Quantitative results of enhancement derived from utilizing CBAM and MoE blocks are also provided in this section. Tables 84 - 89 show the mean relative \(L^{2}\) errors for \(\phi\) and \(\sigma\) for mild tumors mapping from the initial density of tumor cells with R = 0.05 mm, 0.18 mm and 0.23 mm using varying architectures of deep operator networks. Tables 90 - 95 show the mean relative \(L^{2}\) errors for \(\phi\) and \(\sigma\) for aggressive tumors mapping from the nutrient uptake by tumor cells with \(\gamma _{c}\) = 16.1 g/L/day, 16.9 g/L/day and 18.9 g/L/day using varying architectures of deep operator networks. Tables 96 - 101 show the mean relative \(L^{2}\) errors for \(\phi\) and \(\sigma\) for aggressive tumors mapping from the initial density of tumor cells with \(R = 0.09\) mm, 0.16 mm and 0.21 mm using varying architectures of deep operator networks.

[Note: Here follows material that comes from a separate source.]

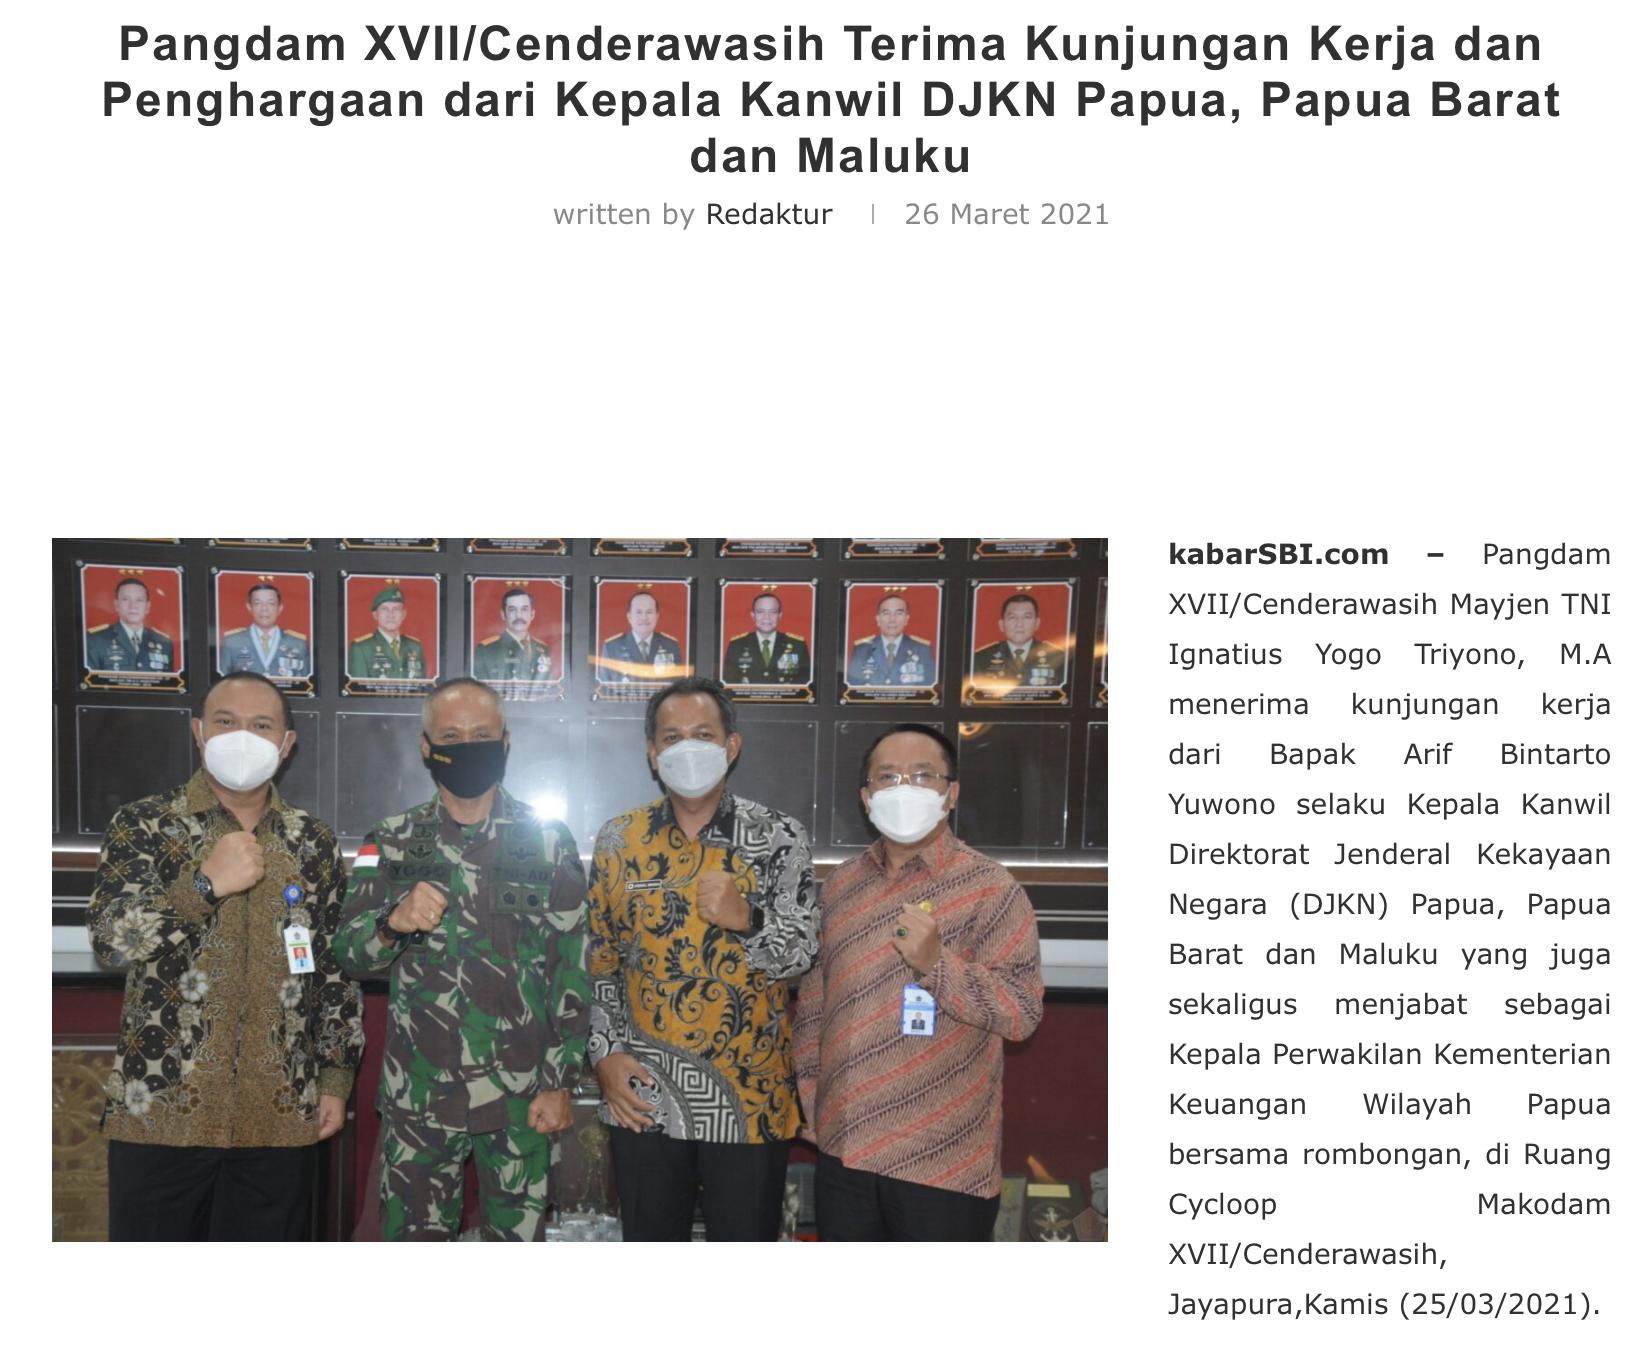 Pangdam XVII/Cenderawasih Terima Kunjungan Kerja dan Penghargaan dari Kepala Kanwil DJKN Papua, Papua Barat dan Maluku

Tables 102, 103, 104, 105, 106 and 107 show the mean relative \(L^{2}\) errors for \(\phi\) and \(\sigma\) for mild tumors mapping from the growth rate with \(\rho\) = 1.2 1/day, 2.1 1/day and 2.7 1/day using varying architectures of deep operator networks. In all the tables, bolded are the best results, and underlined are the second-best ones.
We also provide the ranges for prediction errors for each case considered in Sect. 4 and in this subsection. From Figs. 53, 54, 55, 56, 57, 58, 59, 60, 61, 62, 63, 64, 65, 66, 67, 68 and 69, we can see that ranges for the training error are roughly no larger than the ranges for the testing errors for all the cases considered in ablation and grid studies. In Figs. 53, 54 and 65, we can see that TGM-ONets with CBAM and MoE blocks have smaller ranges of prediction errors compared with vanilla PI-DeepONets. In Fig. 55 and 56, we can see that \(w_{data} = 100\) has smaller ranges for the prediction errors than other values for \(w_{data}\). In Figs. 57, 66, 67, 68 and 69, we can see that 8 or 9 hidden layers have smaller ranges for the prediction errors than others. In Fig. 58, we can see that 2 MoE has smaller ranges for the testing errors but 3 MoE has smaller ranges for the training errors. In Fig. 59, we can see that \(1\,\times \,10^{-3}\), \(6\,\times \,10^{-4}\), and \(2\,\times \,10^{-4}\) learning rate have smaller ranges for the prediction errors. In Fig. 60, 1000 decay steps have smaller ranges for the prediction errors. Figure 61 shows that continuous activation functions have smaller ranges for the prediction errors. Figure 62 shows different numbers of training datasets (i.e., 7, 8, 9, 10) have roughly the same ranges for the prediction errors. Figures 63 and 64 show that with or without boundary loss, ranges for the prediction errors do not change much.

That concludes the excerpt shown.